In order to make the New Deal concepts of static, homogenous single-family neighborhoods a reality, cities would need a lot more land to turn into houses. The 30-minute radius needed to get a lot bigger. Transit systems, even operating at very high speeds, were only effective for the land within a short walk of a station and required the trains to run at high frequencies in order to be competitive with walking times. The solution was to make the automobile the standard mode of transportation, make sure they could operate at high speeds anywhere in the city, and make sure that it would be a short walk from the parking spot to the final destination.

The era of freeway construction began at the conclusion of World War II and continued steadily through the 1970s. Interstates were built through traditional neighborhoods to facilitate the high speed movement of people in vehicles from the newly constructed, easily financed homes in the newly opened up land. Many of the buildings in the inner ring neighborhoods were torn down in favor of parking facilities for downtown office towers.

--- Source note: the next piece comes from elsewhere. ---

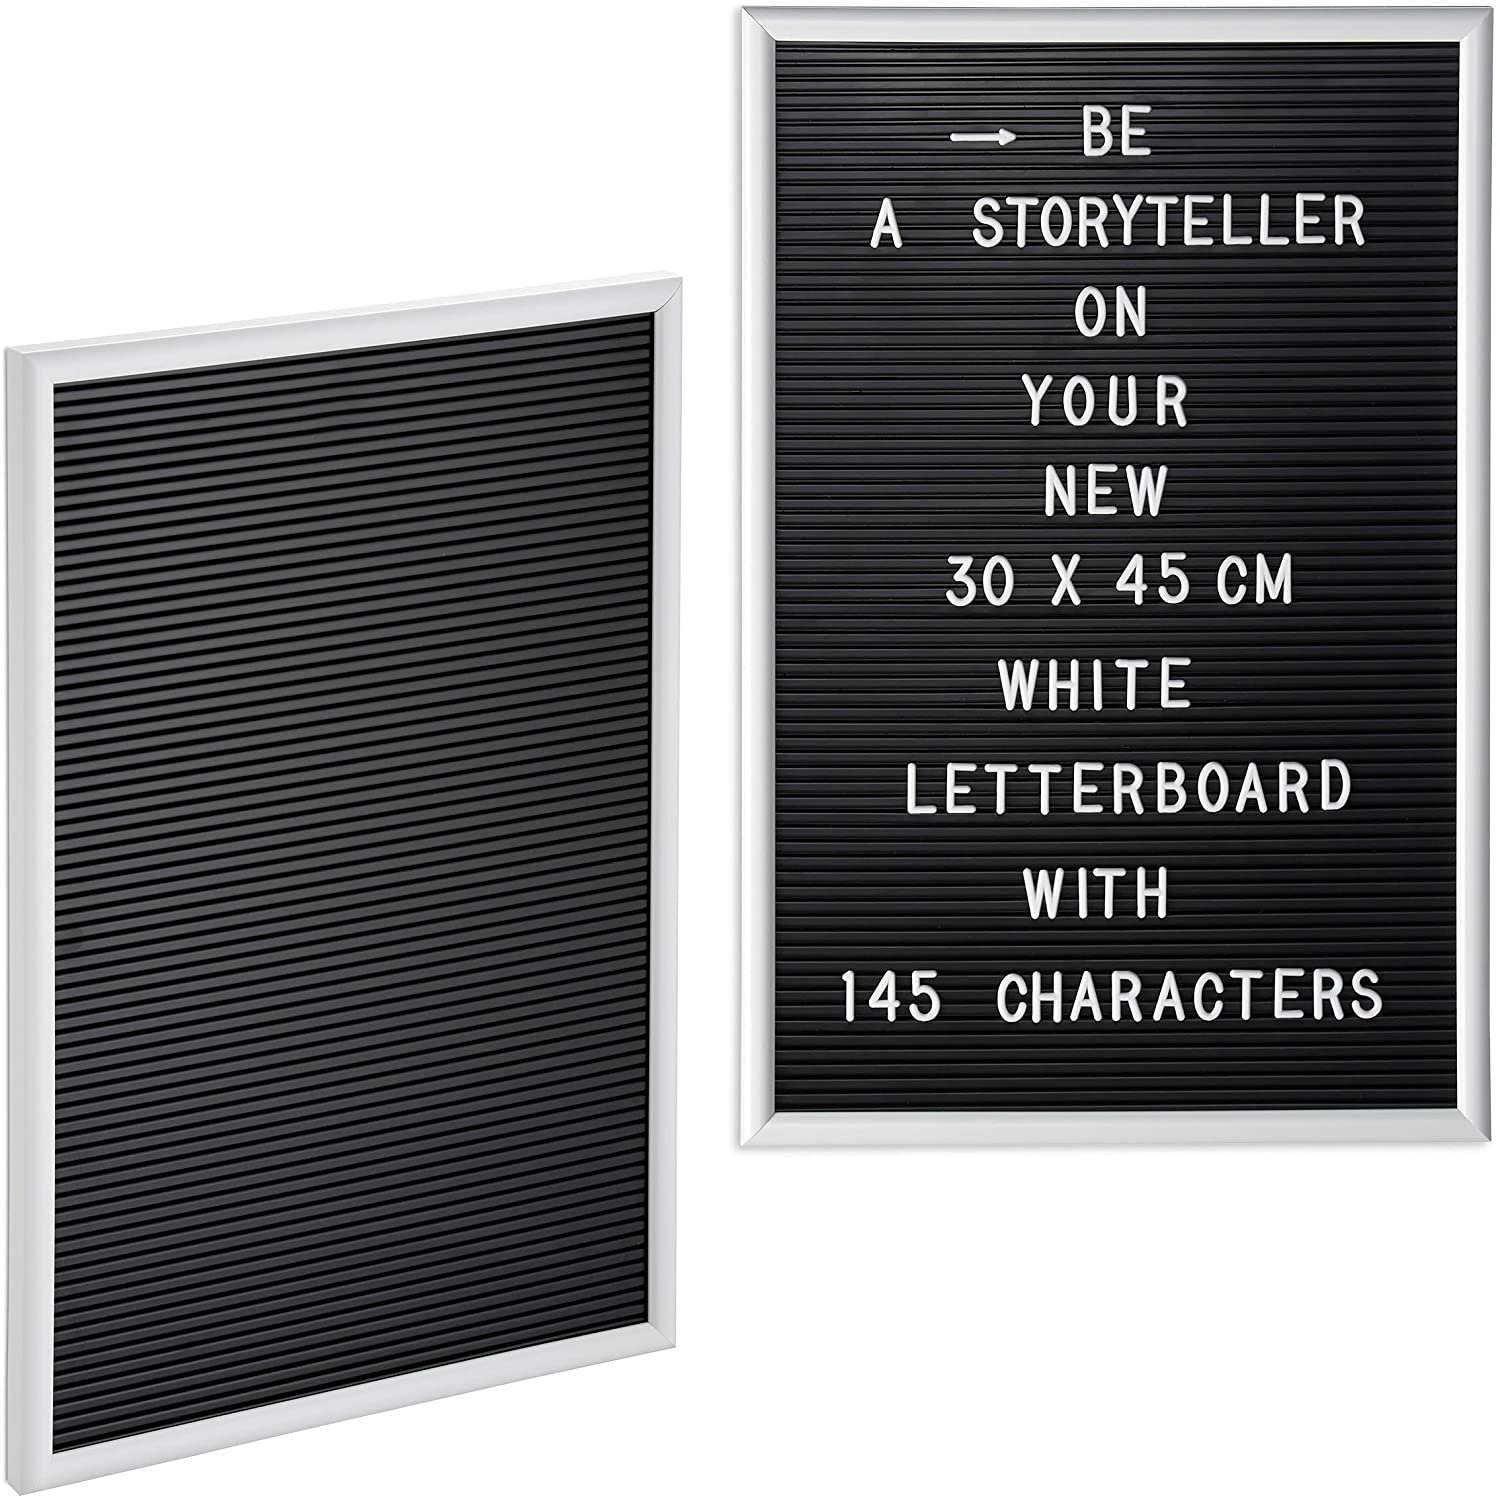 Relaxdays 2 x Letterboard, je 145 Buchstaben, Zahlen, Sonderzeichen, 45x30 cm, Buchstabentafel zum Stecken, Kunststoff, weiß

Figure-ground drawings of downtown Detroit. Sources: 1916, 1950, 1960, and 1969 drawings: courtesy of DTE Energy, from Doxiadis, C. A. (1970). A concept for future development. emergence and growth of an urban region: The developing urban Detroit area (Vol. 3). Detroit, MI: Detroit Edison Co., p. 157. 1994 drawing: Plunz (1996), pp. 2012–2013. 2004 drawing: Kelbaugh et al. (2007).

The homogenization of housing not only made it more difficult to find a home suited to a family’s unique needs, it also made living more expensive. In order to be an economically productive member of society, you needed a car to get to and from your job. In order to maintain the standards of the neighborhood, you needed a lawn mower, maintenance tools, and time to work on your house.

Fixing the Problems We’ve Caused

This ball has been rolling for nearly a century now and is reaching a breaking point. Making housing an asset that only appreciates has forced a separation between market values and household incomes. The cost of providing infrastructure to a huge area of low tax producing properties has made the provision of basic city services challenging. So how do we fix it? Here are a few suggestions:

I am very aware that the underlying mechanisms around the commoditization of mortgages is not what people go to planning school for. Neither is mediating shed disputes, but both are things that planners need to know about. Even less exciting is the underwriting and lending requirements for development loans. I’m imploring all of my fellow planners to embrace the pain and really research how development money gets invested and why. Until the profession has a strong understanding of the complexity of real estate finance, any attempts we make corrections to the market will be educated guesses at best.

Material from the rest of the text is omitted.